SOURCE DATA:
........

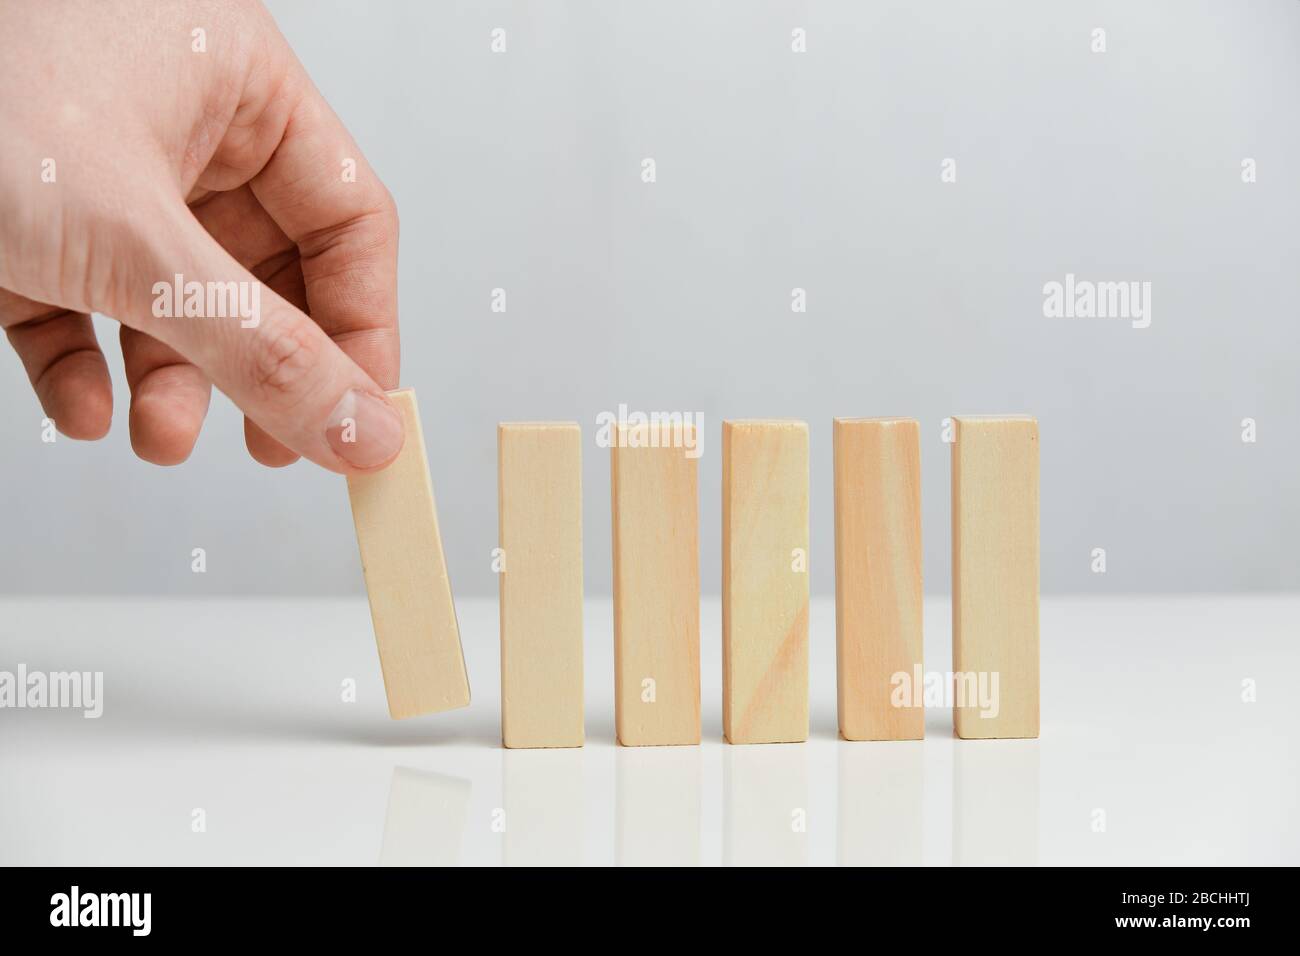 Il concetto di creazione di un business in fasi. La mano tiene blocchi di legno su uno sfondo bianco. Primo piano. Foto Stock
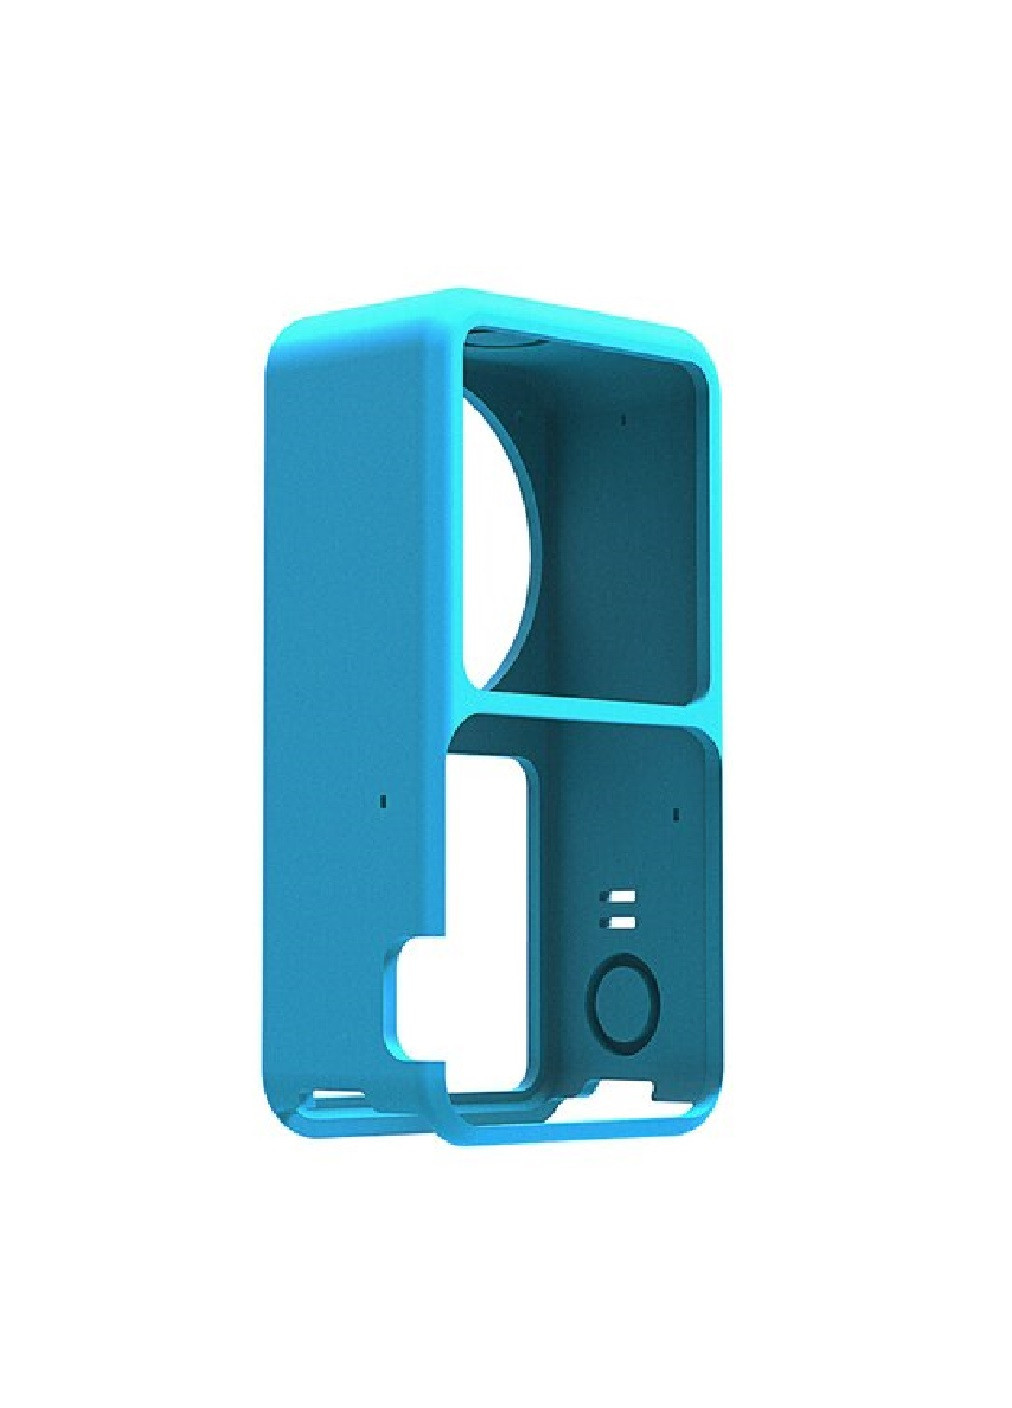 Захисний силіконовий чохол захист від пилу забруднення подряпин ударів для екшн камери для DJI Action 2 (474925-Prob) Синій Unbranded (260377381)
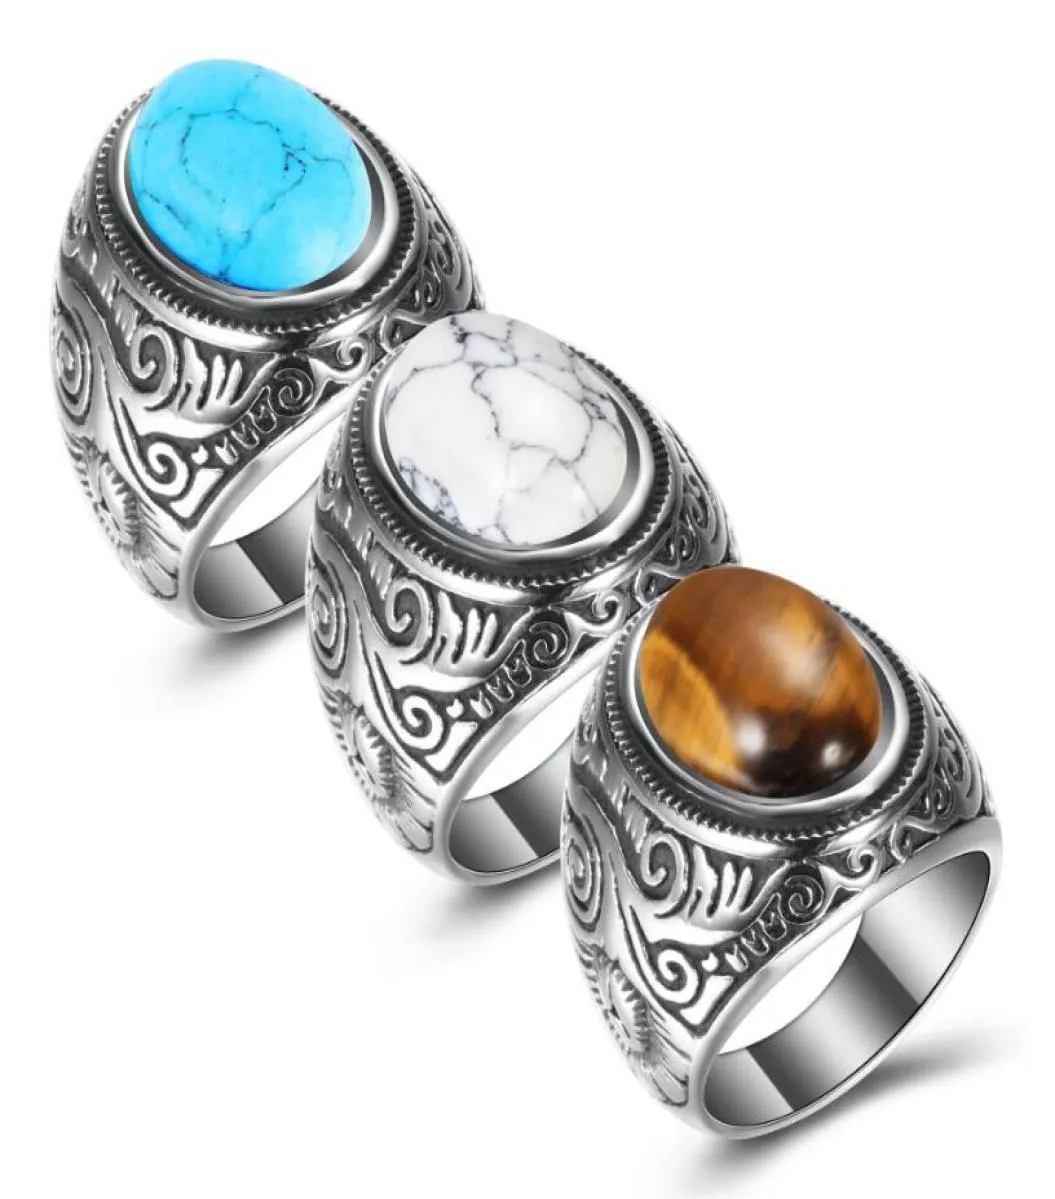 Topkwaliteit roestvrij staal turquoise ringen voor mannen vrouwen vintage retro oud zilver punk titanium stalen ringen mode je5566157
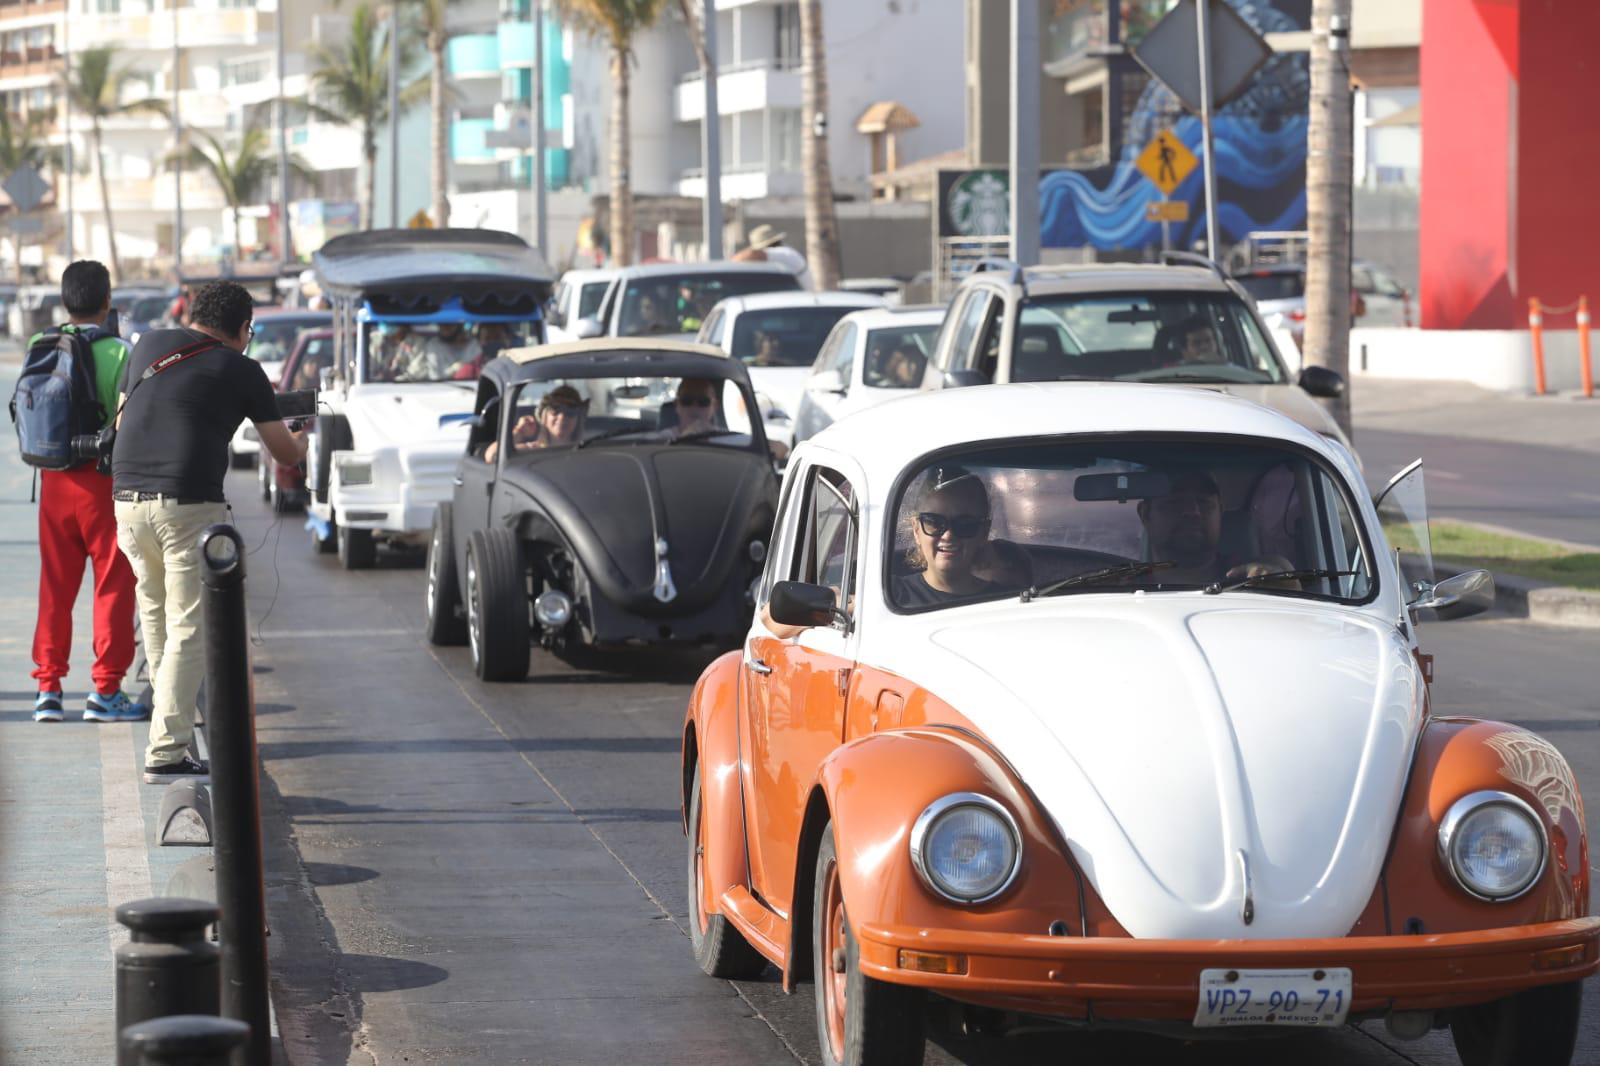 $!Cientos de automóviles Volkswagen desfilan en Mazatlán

........

WHAT THE TASK REQUIRES: Exactly those lines that run from the line holding "Topkwaliteit roestvrij staal" to the end of the listing above, both included, are to be reproduced, with pictures left out.

PROBLEM SOLUTION:
 Topkwaliteit roestvrij staal turquoise ringen voor mannen vrouwen vintage retro oud zilver punk titanium stalen ringen mode je5566157
 $!Cientos de automóviles Volkswagen desfilan en Mazatlán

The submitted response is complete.